Working with GROT GPRs in Australia

October 8, 2009

Field works

Field works

In March 2009, a group of our employees, invited by an Australian company, which has bought several of our georadars, demonstrated the more advanced equipment and GPR data processing technology implemented in GROT 12 ground penetrating radar. It is worth mentioning that the receiving Party has made a favourable impression on us, not only with their hospitality, but also with its highly professional approach to our equipment testing.

For one month we have been given the opportunity to work on 17 different areas and to interpret the results of scanning, and the data could be compared with the results of the magnetic airborne survey, the seismic survey and drilling. This allowed us collecting a significant amount of information supplementing our database, which is used for semi-automated interpretation of GPR data.

Our team visited the two largest coal polygons of the company in Australian states of New South Wales and Queensland. High level of our work organization let us cover a total of more than 20 km of tracks, making a way on the ground and in the air of more than 3000 km. We worked at various geological objects such as dikes, faults, diatremes, old abandoned mines, watercourses of ancient rivers, etc. Our colleagues were interested, first of all, in the possibility of using our technology to diagnose rapidly changing geological rocks compound and, of course, in the depth and the resolution of our devices. Before us, many manufacturers of ground penetrating radars from different countries visited them. The result of the expedition was the equipment purchase and thanks from the company representative, who was accompanying us during the whole trip.

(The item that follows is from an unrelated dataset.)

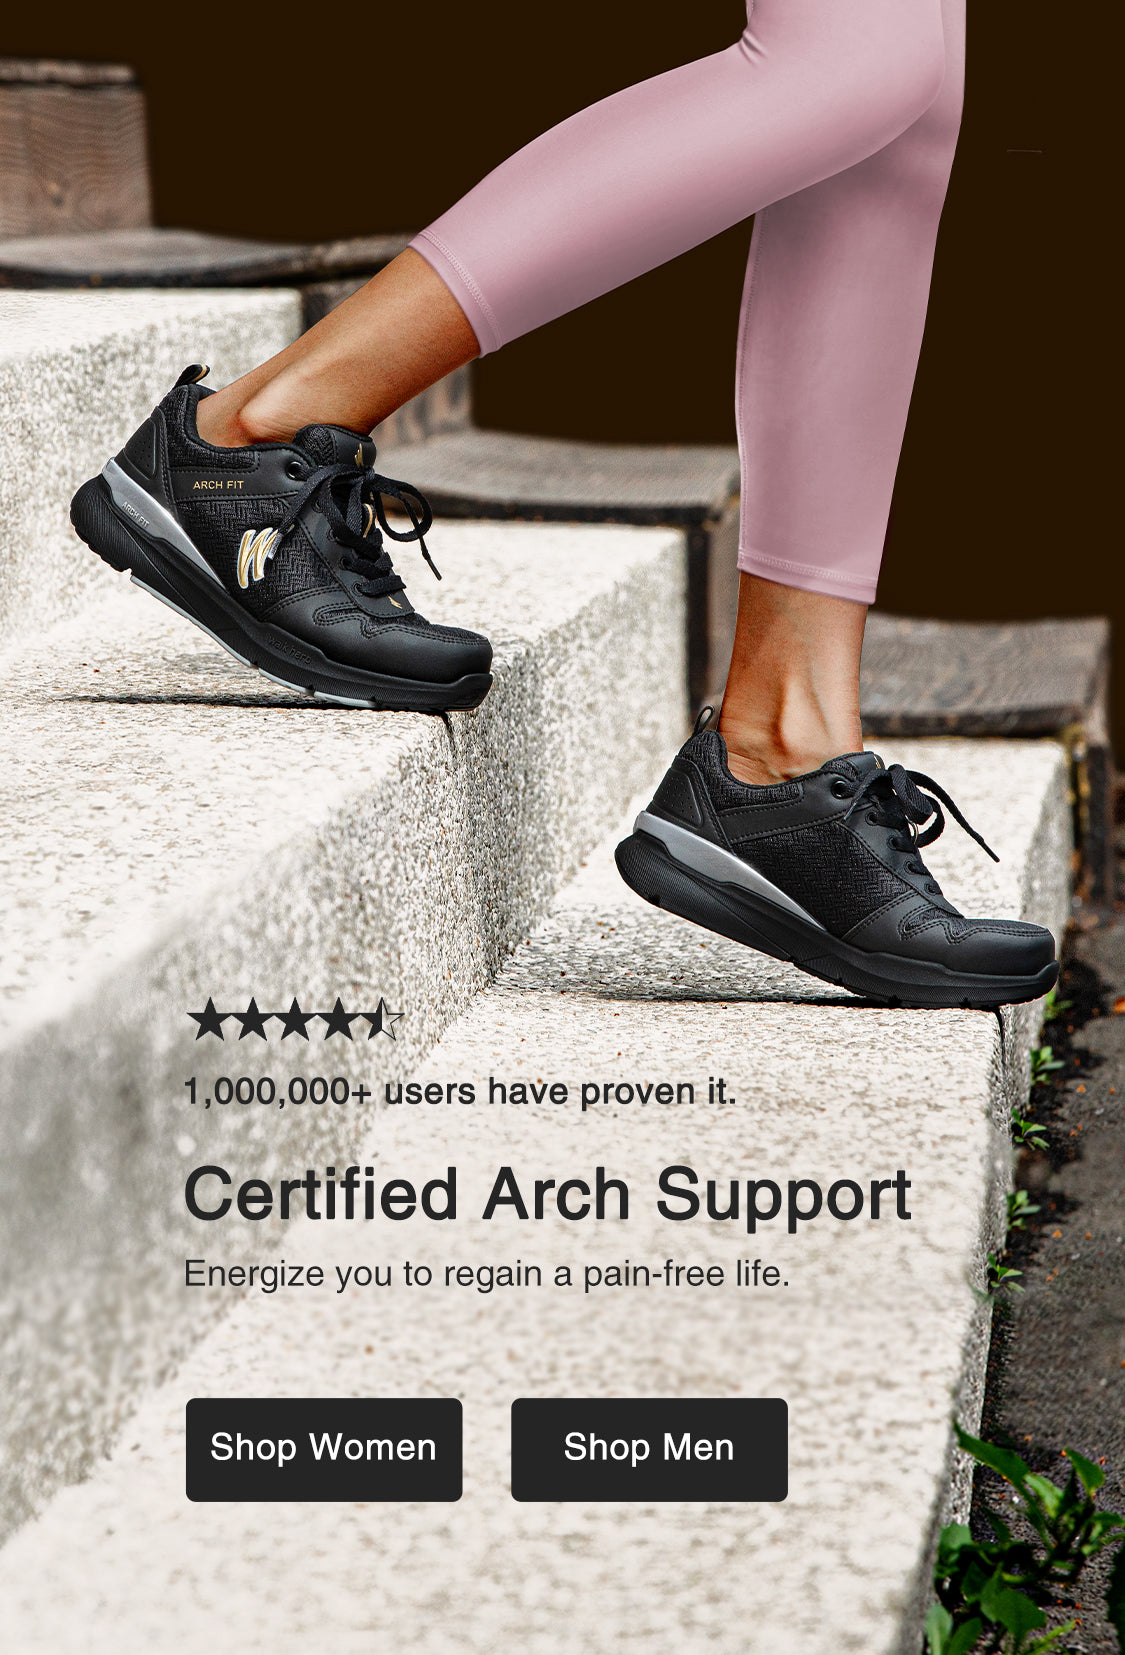 LOTTO RACCHETTA Walking Shoes For Men - Buy LOTTO RACCHETTA Walking Shoes  For Men Online at Best Price - Shop Online for Footwears in India |  Flipkart.com

Even for non-specialists it was clear that the GPR data in many cases are more informative in the analysis of soils to a depth of 80-100 meters than seismic survey data. The optimal option is the concurrent use of electromagnetic and seismic devices and joint interpretation of the results. It is important to mention that the budgets of Australia as a whole and its individual states to a large extent are formed by contributions from the mining companies, operating on their territories. In accordance with Australian legislation, one of the companies' performance efficiency criteria is the amount of harm done to the environment, including the one done at the phase of preliminary studies. In accordance with this criteria requirements and GROT family georadars scanning depth (which is over 200 meters), our technology has been out of competition. So before our departure to Russia the host Party has made a presentation of the results of our work and the device itself for the Minister of Natural Resources of New South Wales in Sydney.

At this meeting our ability and willingness to solve the problems that will stand on the way of our colleagues in the near future have been confirmed.